A 10-minute initial Taq activation step at 95°C followed by 35 cycles of 15 seconds at 94°C, 15 seconds at 50°C and 30 seconds at 72°C followed by a final cool down step of 10 minutes at 20°C.
Sequencing of selected gene cassettes (cassettes 21 and 89) for method validation was conducted using manufacturers recommended protocols on an ABI 377 instrument.

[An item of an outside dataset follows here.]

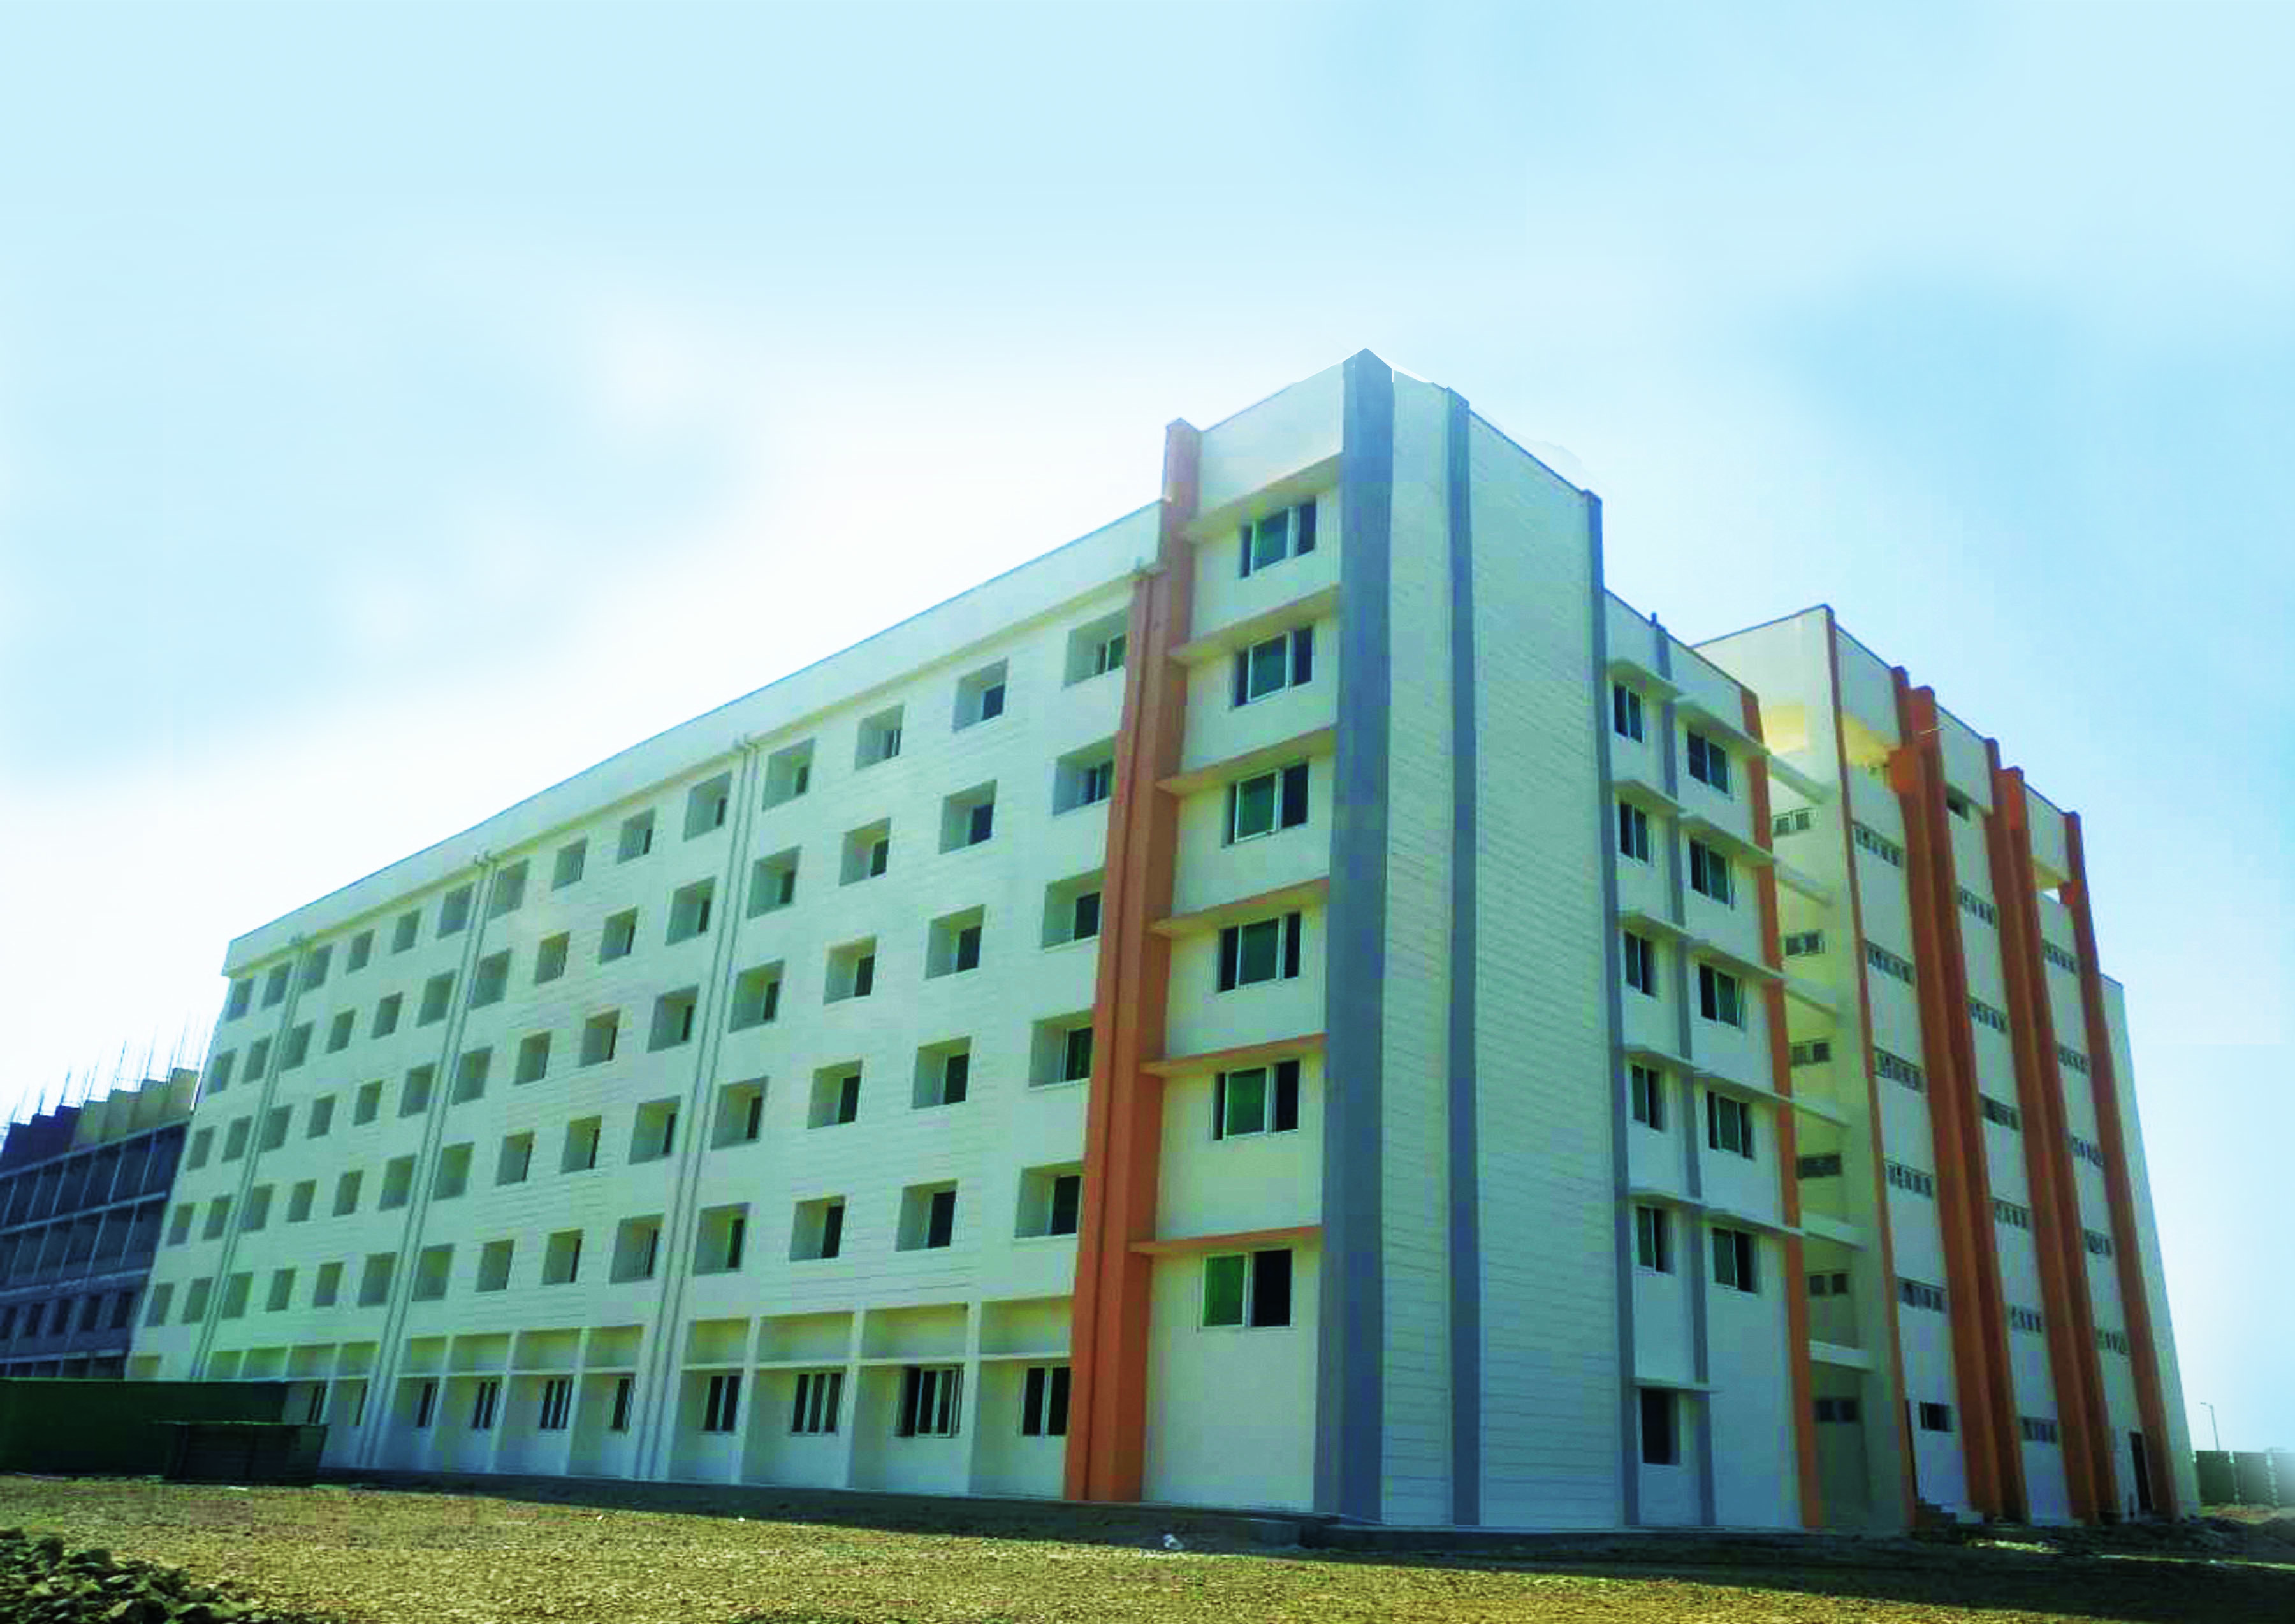 VIT Hostel Block - Bhopal

The fluorescent products of the attC PCR, generated with 6-Carboxyfluorescein (6FAM) labelled primers, were analysed on an ABI 377 DNA sequencer by supplying 1 ul aliquots of each PCR reaction. These were run on denaturing gels prepared according to manufacturer protocols, at approximately 2500 V for 1.5 hours. The results produced single base pair resolution to 1000 base pairs (bp) and information on the relative abundance of amplicon size classes in each sample.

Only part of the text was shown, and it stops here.